Colour photography was also employed in the 70s by a generation of conceptual artists. Many of these artists were interested in perception. Dutch artist Jan Dibbets began his career as a painter in the 1960s before adopting photography as an integral part of his minimalist assemblages. Dibbets is interested in the ways that we find it necessary to structure the world in order to understand it. Comet Horizon 6˚–72˚, sky/sea/sky (1973) reorders the Dutch landscape into an abstract formation by subtly changing the angle of the camera to the horizon in each shot. ‘I want to say something about abstraction and about the fact that abstraction can be present in a figurative image—and that this doesn’t have to look like a Mondrian’.9
American photographer John Pfahl explored similar ideas of perception and representation in images of landscapes altered by the addition of geometric lines.
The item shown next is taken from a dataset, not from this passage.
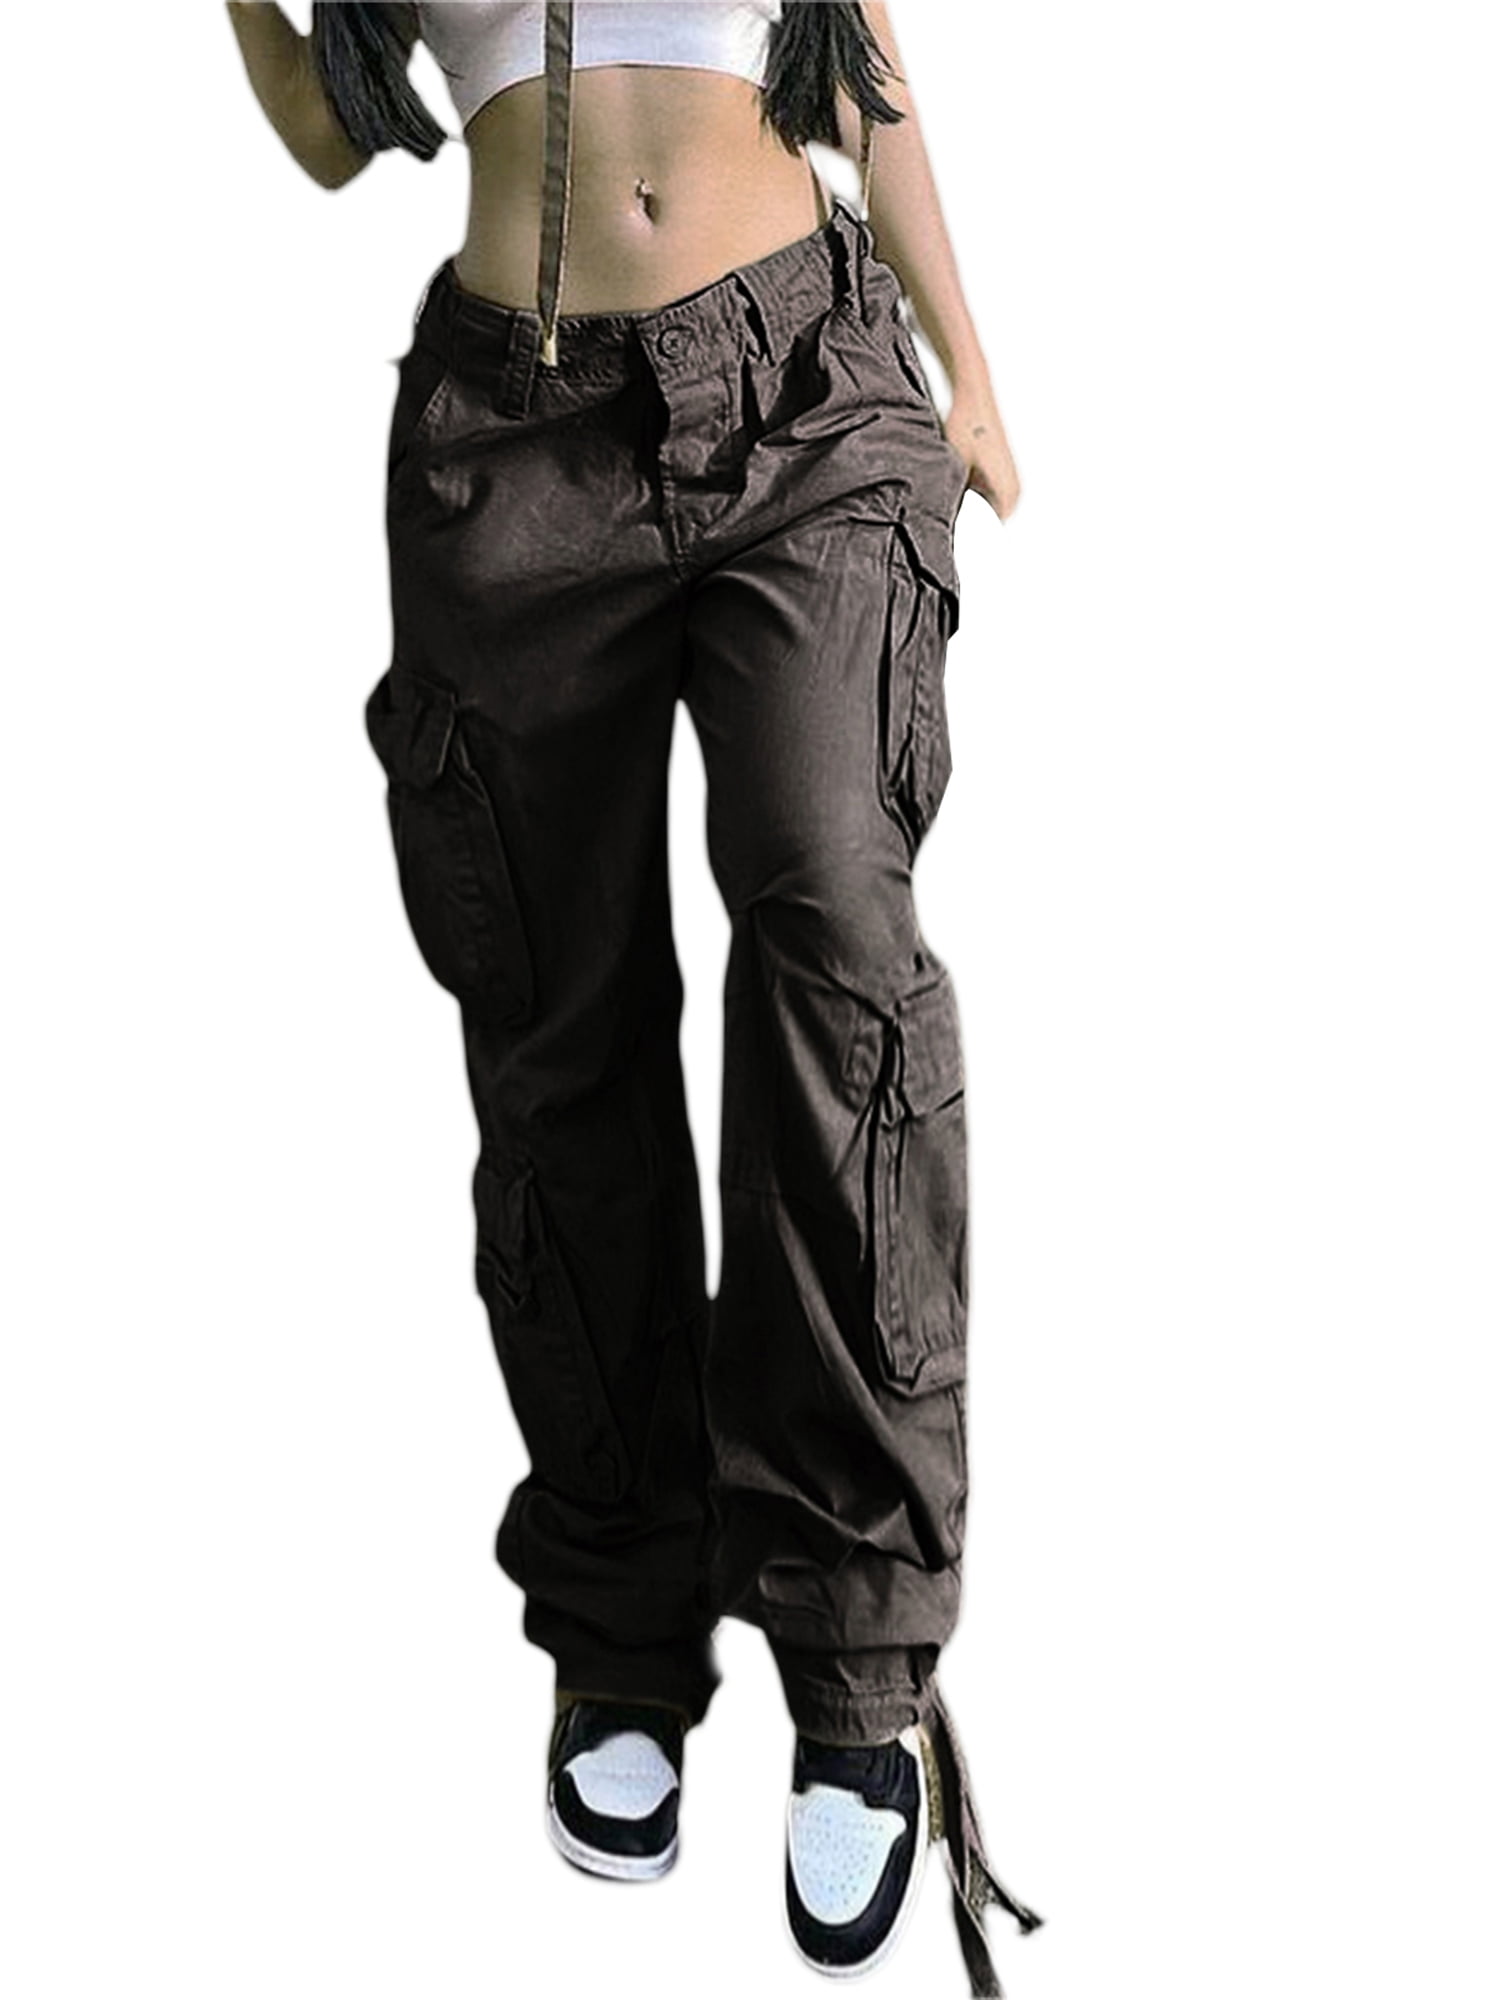  AMEEQ Pants for Women Flap Pocket Side Cargo Pants

Pfahl’s Moonrise over pie pan, Capitol Reef National Park, Utah (1977) plays with the similarity in appearance between the moon and a mundane dish on the ground.
It seems a witty comment on Ansel Adams’s famous moonrise pictures from the 1940s–1960s.
Irish painter Sean Scully became internationally renowned for his textured and gridded abstract paintings in the 80s and 90s. In 1997, he began exhibiting photographs alongside his paintings. Art Horizon (2001) is his largest and most ambitious work in this genre.
It is made up of 10 images of enlarged close-ups of his own paintings. The title intrigues; is it suggesting that art is a world created by the artist? By mining his own abstract paintings Scully challenges the idea that art is grounded in nature or reality. Yet Scully’s art references both the real world and the world of art. Most of Scully’s photographs are of walls or doorways shot from directly in front thus eliminating any spatial perspective. His images show repairs and layers of aged paint. They are concerned with notions of decay and loss, and how we try to counter these things.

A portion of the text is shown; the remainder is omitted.